Update: Setting blog-via-email-from-iPhone, using the Postie plugin for wordpress. Seriously painful.

And you thought that flying coach was tough

Monday, September 17th, 2007

One bad mofo, this bird!


Via Science in the News:

A female shorebird was recently found to have flown 7,145 miles (11,500
kilometers) nonstop from Alaska to New Zealand - without taking a break for
food or drink. It’s the longest nonstop bird migration ever measured,
according to biologists who tracked the flight using satellite tags.

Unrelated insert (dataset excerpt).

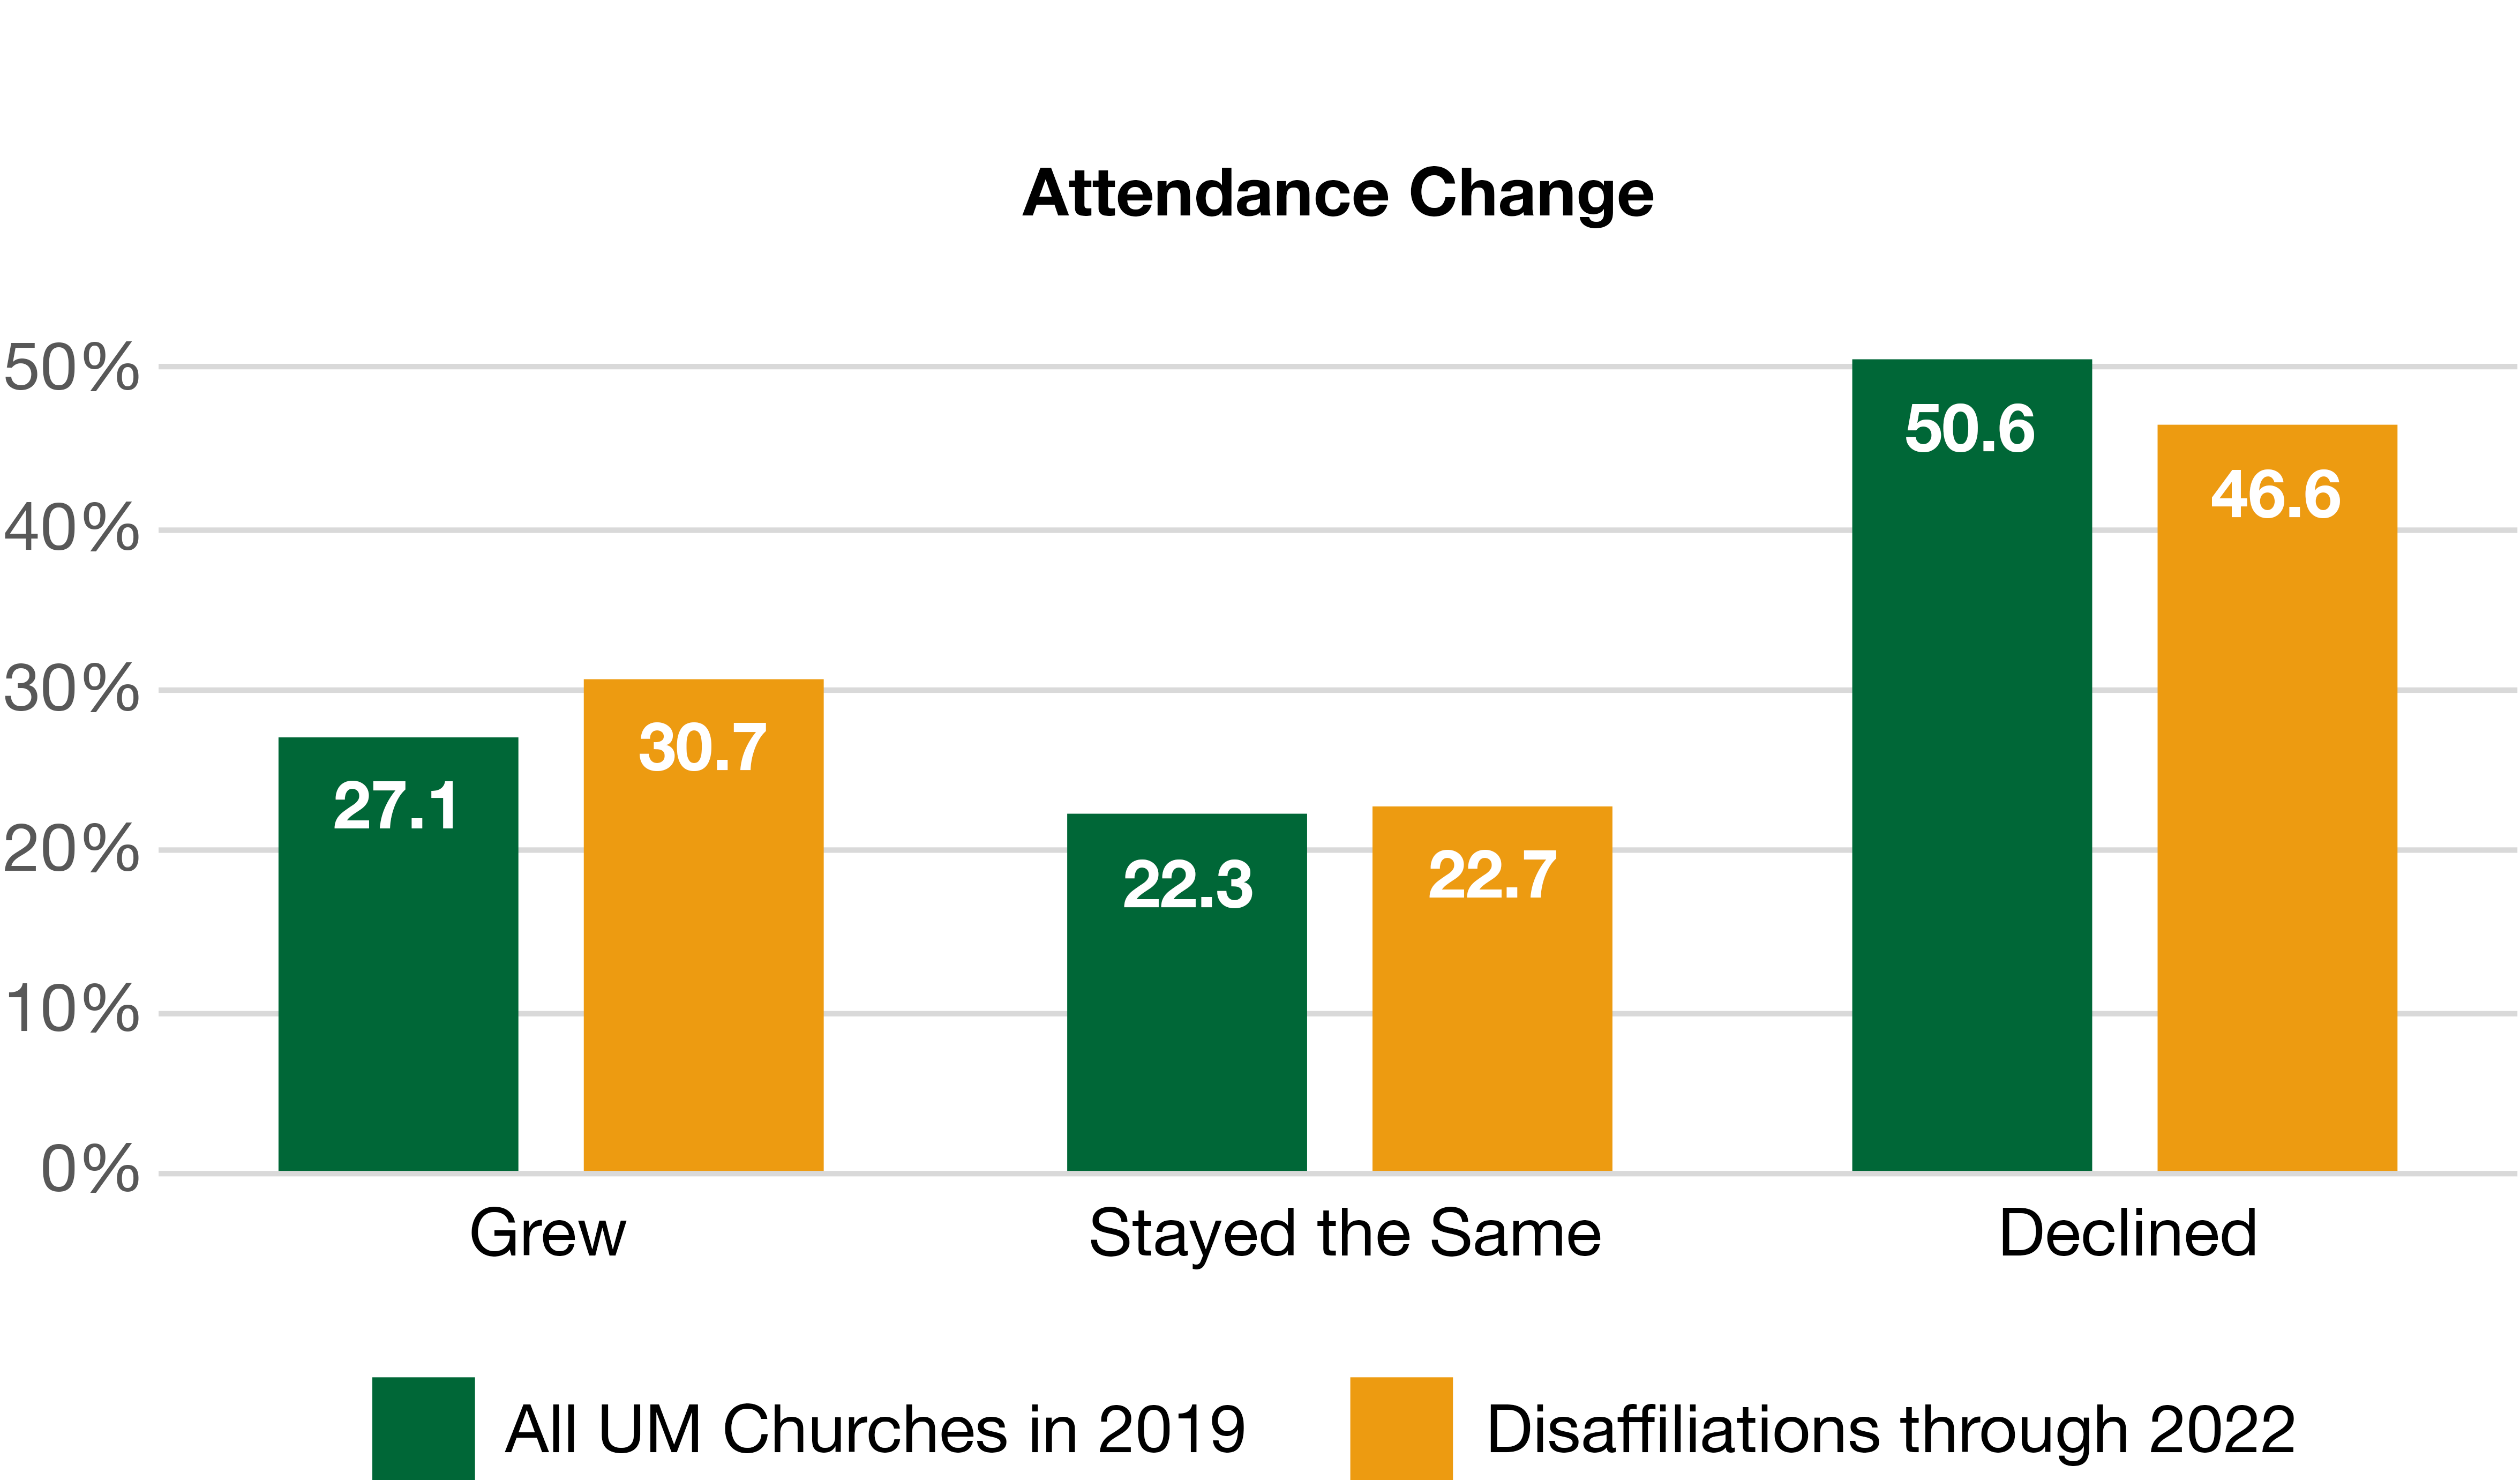 Attendance Change bar graph

The bird, a wader called a bar-tailed godwit, completed the journey in nine
days. In addition to demonstrating the bird’s surprising endurance, the
trek confirms that godwits make the southbound trip of their annual
migration directly across the vast Pacific rather than along the East Asian
coast, scientists said.

Nine days of non-stop flight. Longest ever measured.

Whoa. Full article here.

Marxism, inequality, or best-fit?

Sunday, September 16th, 2007

Toys for everyone!

We just replaced Chris’s ancient Palm V (actually a clone, the IBM version we got from woot.com) with a new Palm Z22. Here it sits, on its first charge, next to my iPhone box, and I had one of those ‘his and hers’ pictures to take.

Did spur a bit of thought, though. Chris is actually sane about gadgets, and they don’t do as much for her as they do for me. I still feel guilty about the cost difference, since the Z22 is about $80 on Amazon these days. It’s a great unit, though, and I wish they had shipped something like it years ago. Inexpensive, durable, plenty of memory, color screen, small and light.

For me, I’ll be curious to see how the iPhone fares as a PDA. I’ve been impressed so far with the calendar and addressbook, but am peeved that Notes don’t sync and there’s no built-in to-do list. We shall see!